Nella nostra stanza regna il caos, sia perché manca proprio lo spazio, sia perché siamo entrambe un po’ casinare (sarà che condividiamo anche il segno zodiacale – Gemelli – notoriamente poco organizzato). Nel suo lato della stanza ci sono montagne di carte, guide del sole24 ore, faldoni, e cioccolata, che lei non tocca, omaggio delle badanti (abbiamo anche le matrioske!) e dei vecchietti che vengono qui a farsi dei documenti. Nel lato mio, banane, kiwi, mele, datteri, un essiccatore che ho acquistato (ultimamente mi faccio arrivare tutto in ufficio dato che non sono mai a casa), scatole di barrette di frutta secca, disegni dei bambini, libri didattici, un mulinetto macinacereali, giochi, carte mie e carte di Betta che non mette via da mesi, i nostri borsoni della palestra. E’ una stanza carina tutto sommato, caotica ma allegra e profumata di frutta come ci dicono sempre le altre colleghe. Non si chiude nemmeno la porta perché ci manca lo spazio fisico per chiuderla, così l’abbiamo decorata con una specie di stencil che indicano il nostro umore quotidiano. Così chi entra sa subito cosa aspettarsi. Il prossimo anno mi sposteranno da qui perché appunto non ci stiamo più, e mi dispiacerà un sacco. Perché vi racconto del mio ufficio? Non lo so, mi è partita così stamattina, forse perché osservavo la scrivania, e le banane appunto.

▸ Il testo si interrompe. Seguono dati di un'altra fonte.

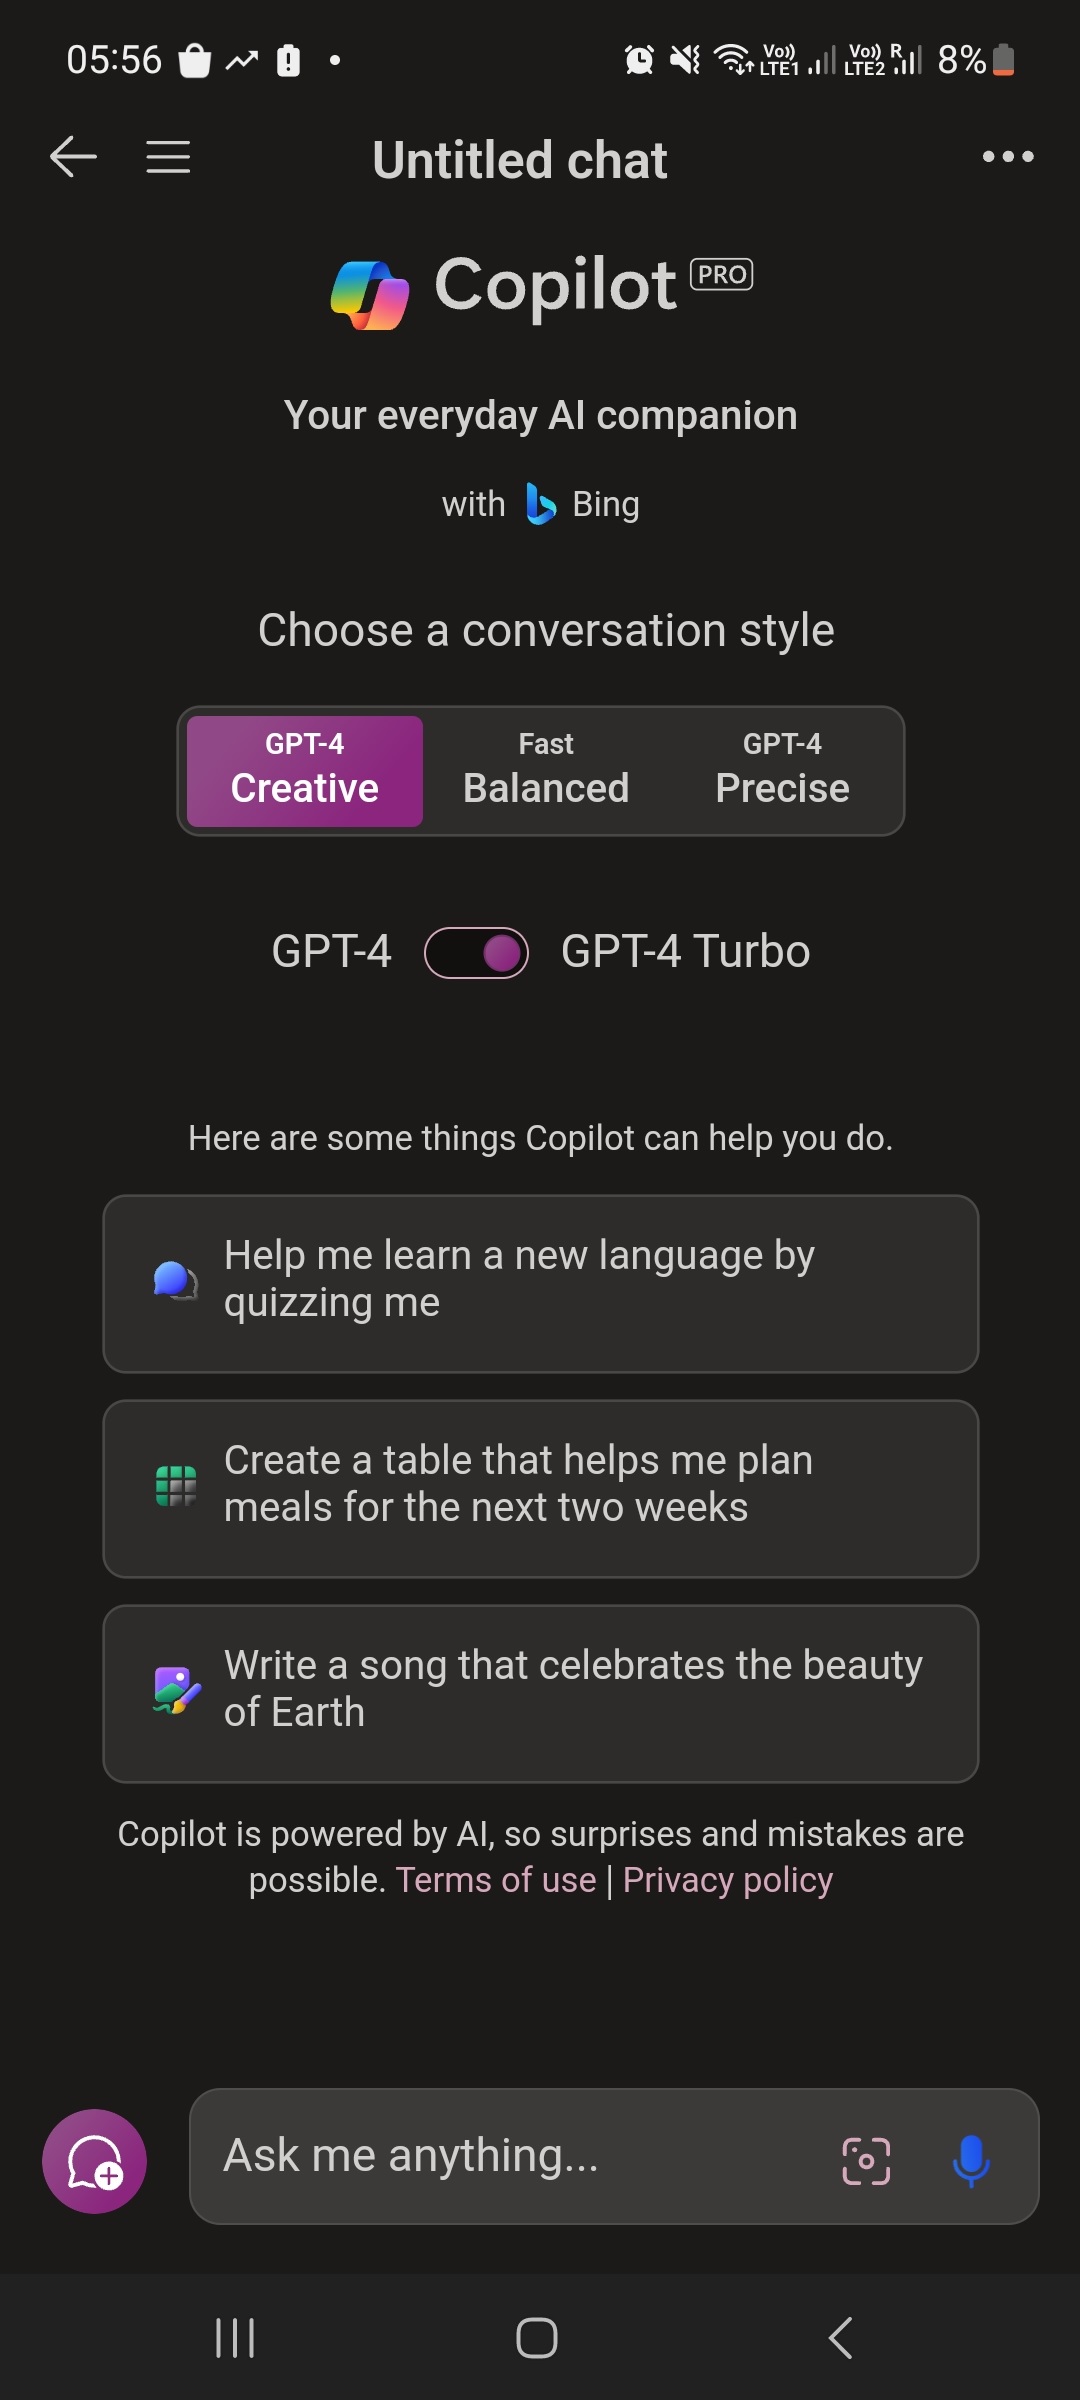 Copilot Pro for Android

Ieri ho portato in ufficio i germogli, da condividere con le colleghe, e ho scatenato un ottimo interesse. Una ne ha mangiati così tanti da avere degli effetti collaterali “depurativi” abbastanza consistenti per tutto il pomeriggio 🙂
La pausa pranzo infatti a volte la faccio qui, con altre 3 o 4 colleghe insalatare, e ogni volta scateno commenti e domande relativi a quello che c’è dentro la mia ciotola.

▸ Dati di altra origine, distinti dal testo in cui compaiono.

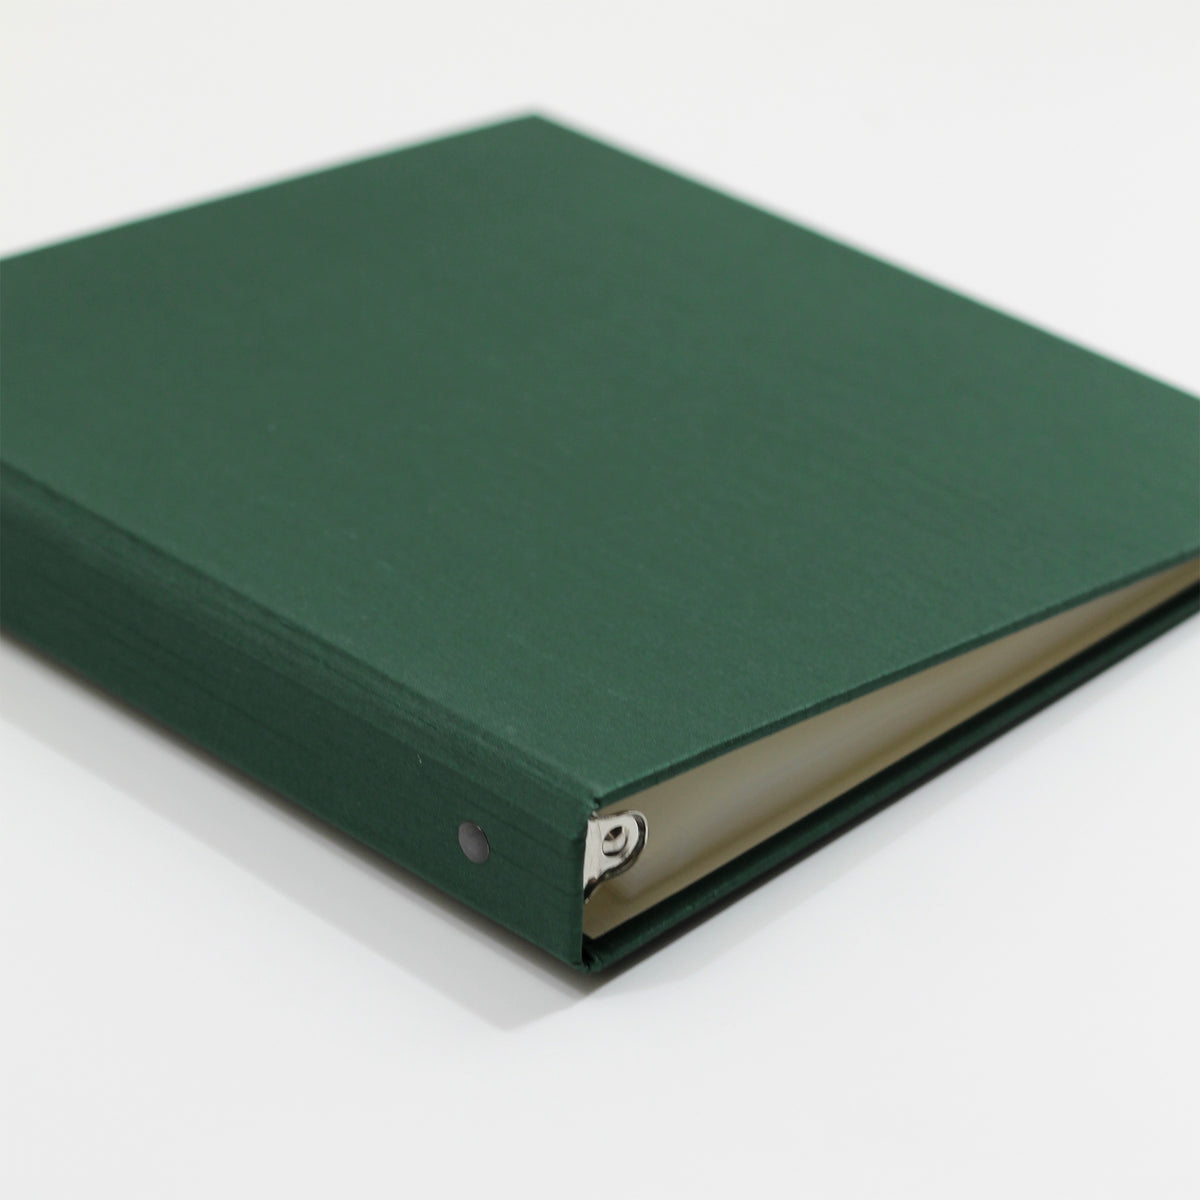 Photo Binder (for 5x7 photos) with Emerald Silk Cover

Ieri ho assolutamente esagerato con le quantità, e devo cercare di limitarmi altrimenti 1 ora non mi basta per ruminare adeguatamente e va a finire che mangio in fretta e digerisco male. E’ che la mattina quando preparo il pranzo vedo talmente tante cose in frigo che mi ispirano che poi alla fine creo una insalata mostro.
E’ da tanto che non descrivo in dettaglio la mia giornata, cosa mangio e cosa faccio. Ecco quindi come è andata ieri.

Cosa ho mangiato:
-2 mele e uvetta a colazione
-2 kiwi a metà mattina
-insalata di: spinaci, lattuga, rucola, radicchio, pomodori, avocado, carote, funghi, germogli di broccolo, semi di girasole, peperone, crauti, zucchine, olio d’oliva, più i crackers.
-mango e banana a merenda
-centrifuga di carote e zenzero per cena, più banana con crema di cocco al cioccolato (libidineeee)

Movimento:
-palestra : 30 minuti corsa, 30 minuti stepper, 1 ora di aerobica ad intensità “marines”
-40 minuti di bicicletta per andare/tornare dal lavoro

Per finire, sono tornata a casa alle 21.30 e mi sono messa a studiare le patologie del fegato, cure e rimedi per l’alcolismo, i calcoli, la cirrosi…. E sono andata a dormire all’1.30.
Ho sonno. E oggi, più o meno, si ripete.